Zhai Xing, Wang Qinxiang, Nie Yaqing, Han Aiqing, Li Ruifeng
School of Management, Beijing University of Chinese Medicine, Beijing, China.
Xi'an Children's Hospital, Xi'an, China.
Digit Health. 2025 Jul 28;11:20552076251363463. doi: 10.1177/20552076251363463. eCollection 2025 Jan-Dec.
To systematically investigate the key determinants influencing health information quality in social media environments and elucidate their hierarchical relationships, thereby providing evidence-based guidance for quality improvement.
This study employed an innovative integration of meta-ethnography and Decision-Making Trial and Evaluation Laboratory-Interpretive Structural Modeling (DEMATEL-ISM) methodologies. Through systematic extraction and multi-dimensional analysis of influencing factors-including centrality metrics, causal relationships, and hierarchical structures-we developed a comprehensive mechanism model clarifying factor interactions and their cumulative impacts on health information quality enhancement.
Our analysis identified 18 critical factors affecting health information quality, which were categorized into six distinct hierarchical levels through rigorous computational modeling. The results revealed complex cross-level interactions and mutual influences among these determinants. Nine core factors emerged as pivotal: information accuracy, authority orientation, platform reputation, creator expertise, information utility, health information literacy, content originality, source authority, and health concepts.

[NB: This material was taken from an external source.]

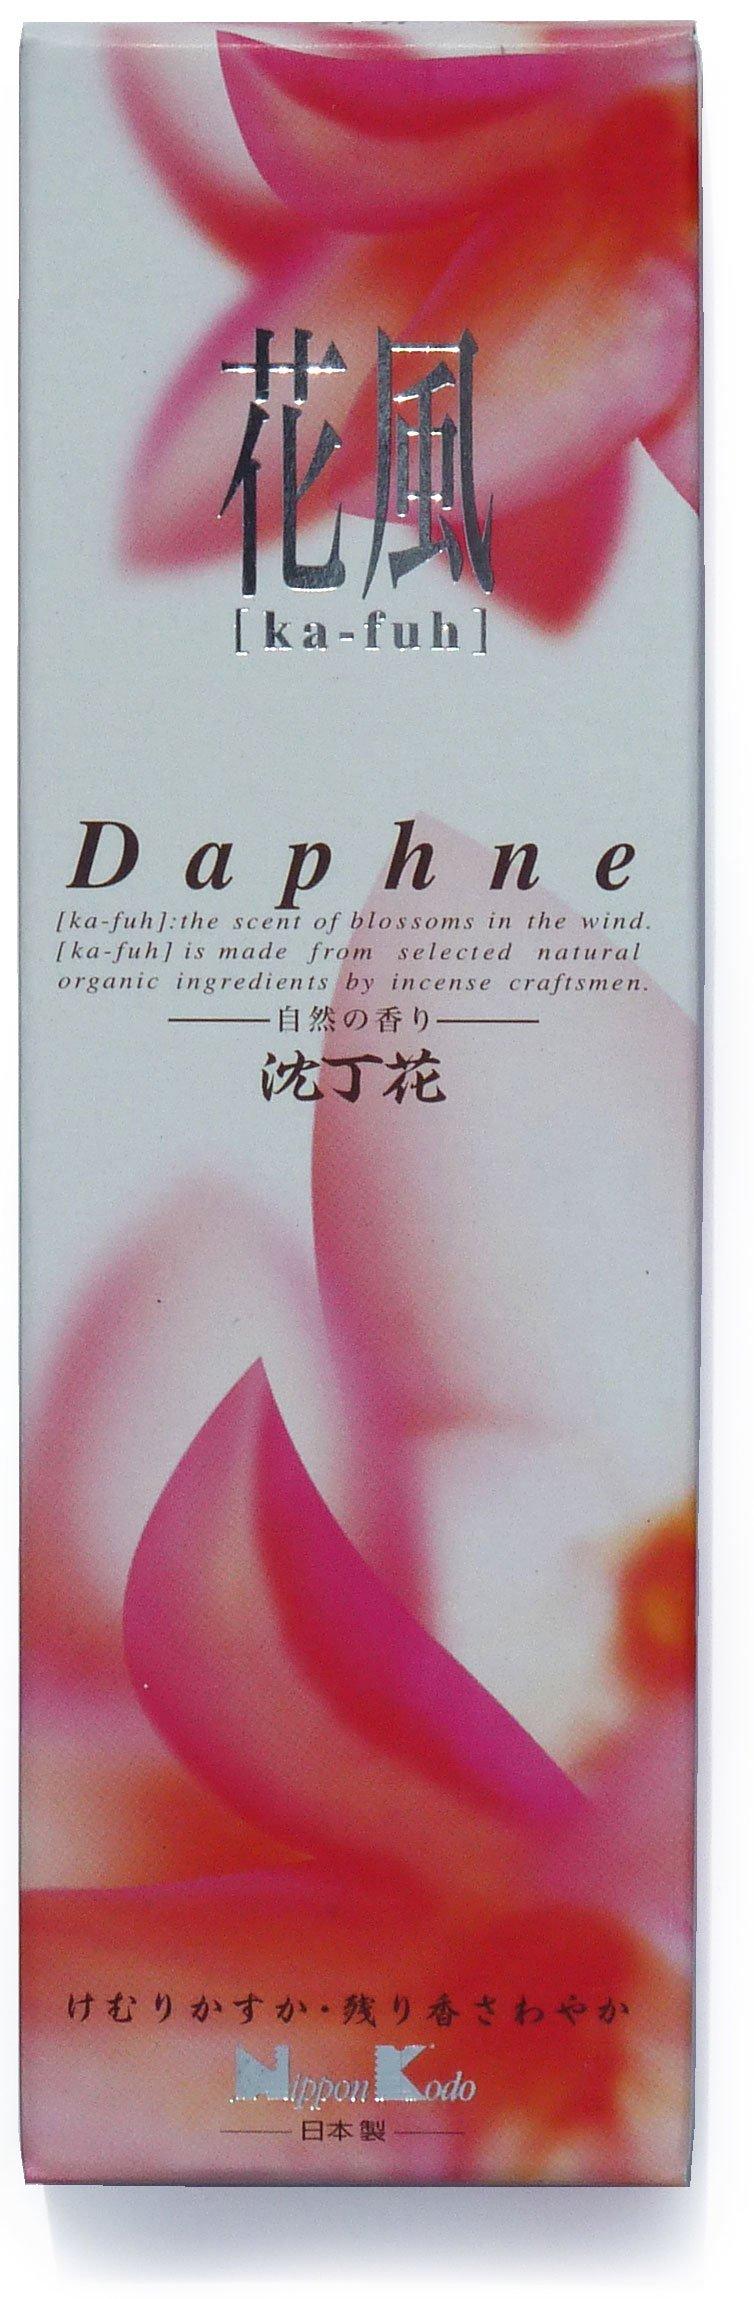 Nippon Kodo - Ka-fuh (Scents in the Wind) - Daphne 120 Sticks

The findings establish a hierarchical quality improvement framework, suggesting that targeted interventions focusing on the nine core factors can significantly enhance health information quality in social media ecosystems. This study provides both theoretical foundations and practical insights for multi-stakeholder collaborative governance in digital health communication.
系统研究社交媒体环境中影响健康信息质量的关键决定因素,并阐明它们的层次关系,从而为质量改进提供循证指导。

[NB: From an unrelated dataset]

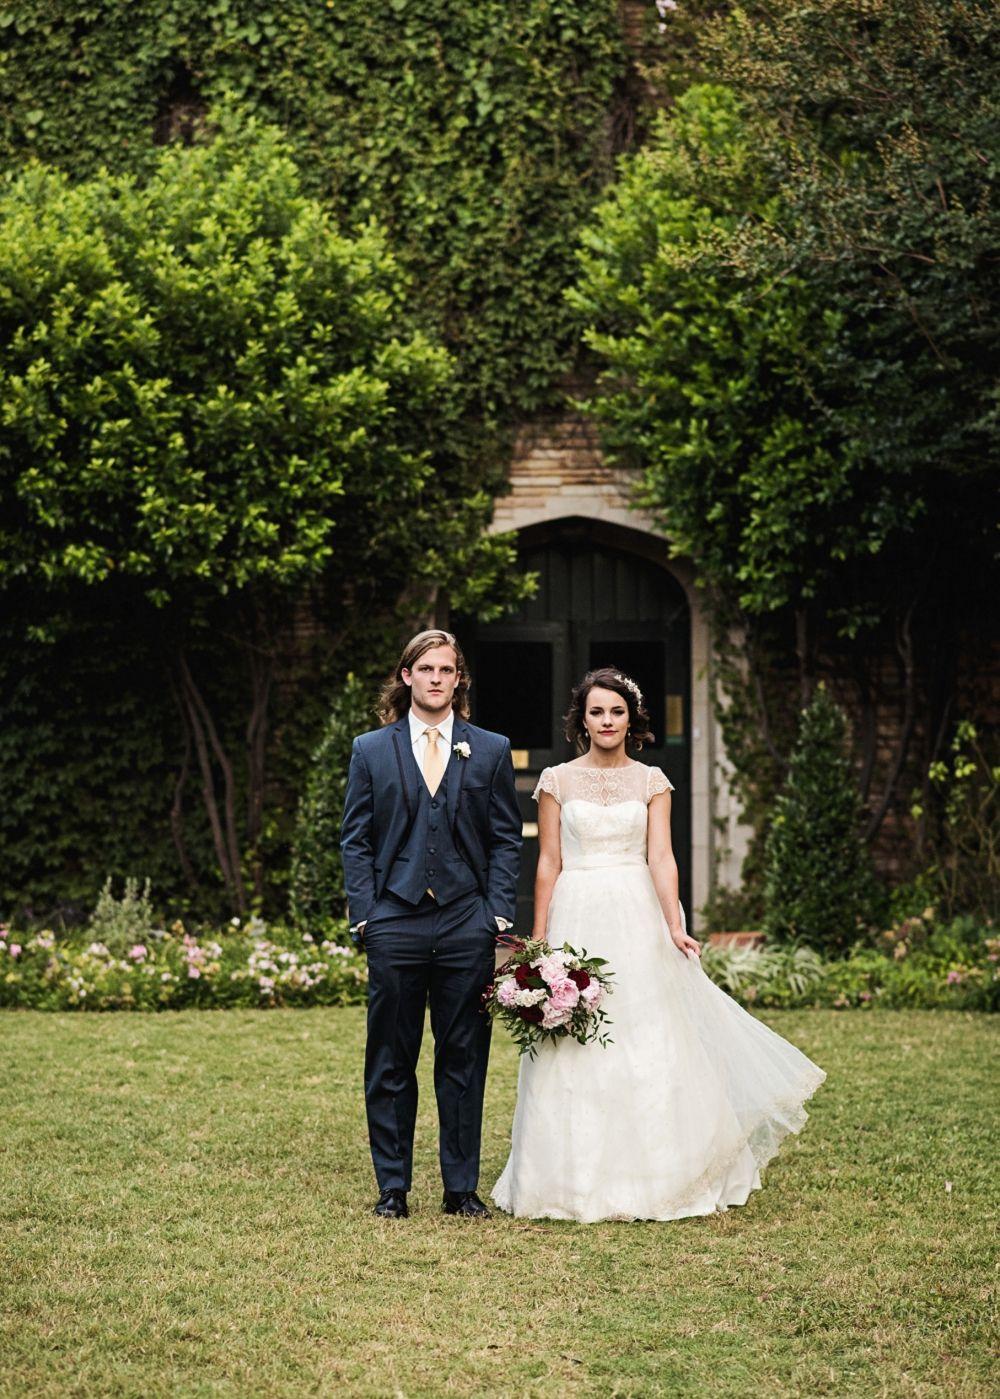 Fort Worth Wedding - The Rose Chapel & Marty Leonard - Wedding Photography by Miranda Marrs Photography

本研究采用了元民族志与决策试验与评价实验室-解释结构模型(DEMATEL-ISM)方法的创新性整合。通过对影响因素的系统提取和多维度分析,包括中心性指标、因果关系和层次结构,我们构建了一个全面的机制模型,阐明了因素之间的相互作用及其对健康信息质量提升的累积影响。
我们的分析确定了18个影响健康信息质量的关键因素,通过严格的计算建模将其分为六个不同的层次级别。结果揭示了这些决定因素之间复杂的跨层次相互作用和相互影响。九个核心因素成为关键因素:信息准确性、权威性导向、平台声誉、创作者专业知识、信息效用、健康信息素养、内容原创性、来源权威性和健康概念。
研究结果建立了一个层次化的质量改进框架,表明针对九个核心因素的有针对性干预可以显著提高社交媒体生态系统中的健康信息质量。本研究为数字健康传播中的多利益相关方协同治理提供了理论基础和实践见解。